MacColl re-wrote it along with a bundle of under-sung songs for the film, 'The Irishmen' - the film was never shown because the BBC got cold feet
Peggy gave me a file of all the songs if anybody would like them
Other rewrites include
Deveil and Ganger McGlinn,
Indeed I do
Rambler from Clare
Van Dieman's Land
Rocks of Bawn   and others
One of the only songs to become generally poopular was 'Tunnel Tigers, thanks to The Johnsons


Farewell to the groves of Shillelagh and Shamrock,
Farewell to the girls of old Ireland all round.
May their hearts be as merry as ever I would wish them,
When I'm away from my own native land.

My mother is old and my father defeated,
By hard work and poverty; it grieves my heart sore
To see them so patient with all hope departed,
And now I must leave them for a foreign shore.

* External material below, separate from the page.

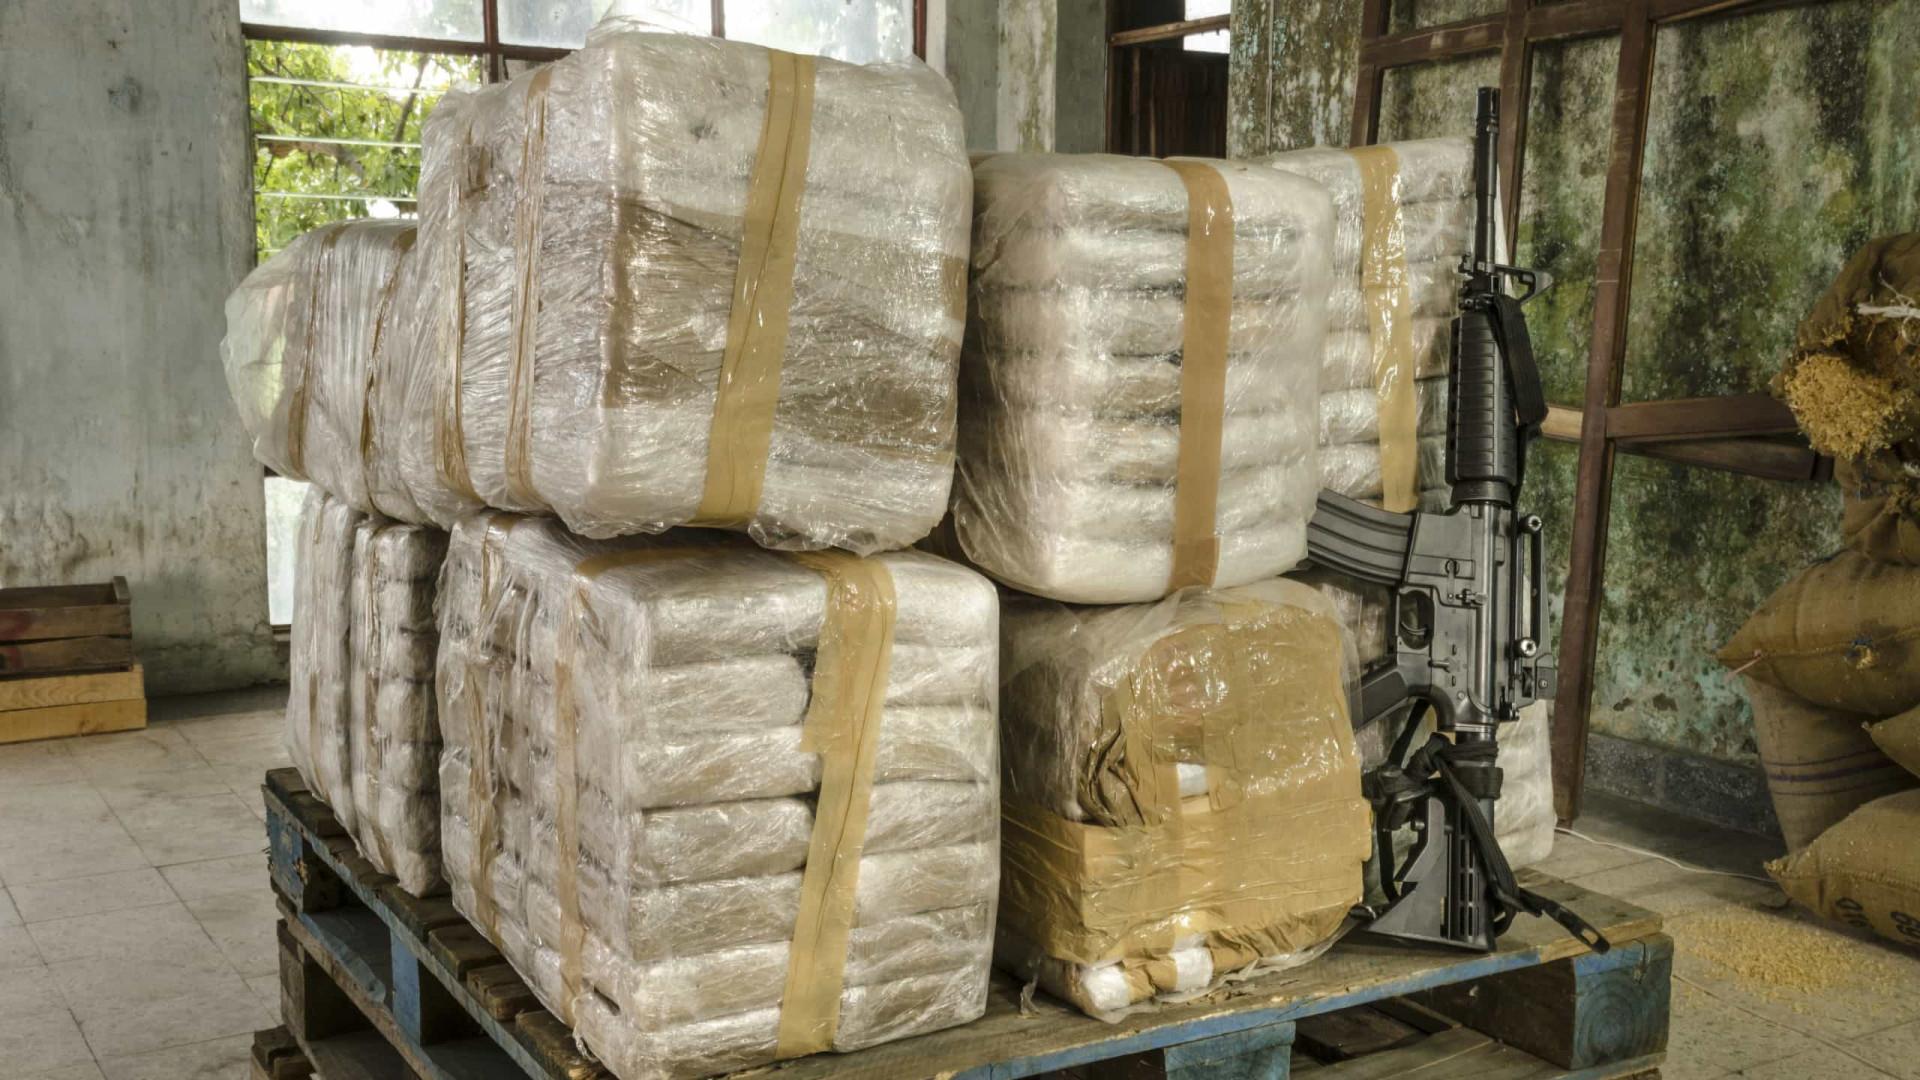 Receita apreende 21 ton de produtos contrafeitos no porto de Santos

Then farewell to the green hills and lakes of Killarney,
Farewell to the white strand where green billows roll;
Farewell to Blackwater and to wild Connemara,
The pinched face of charity and life on the dole.

The pastures are fenced and the woods are protected,
The pheasant and partridge they nest in the field;
While away 'cross the ocean go journeymen tailors,
And fiddlers who flaked out the old mountain reels.

Young boys and old men and the fathers of children,
In search of employment from Ireland must go;
Abandoned, disinherited, the landless of Ireland,
From Kerry, Cork and Leitrim and the County Mayo.

Then it's pack up your bag and consider no longer,
The boat's at the quay, so it's shoulder your load;
Turn the key in the door, take a last look at Ireland,
The land's for the bullock and the men for the road.

Re-written from a song of the same name recorded from Paddy Tunney of Beleek, Co. Fermanagh and used in a film called ‘The Irishmen’, about building labourers from Ireland working in Britain.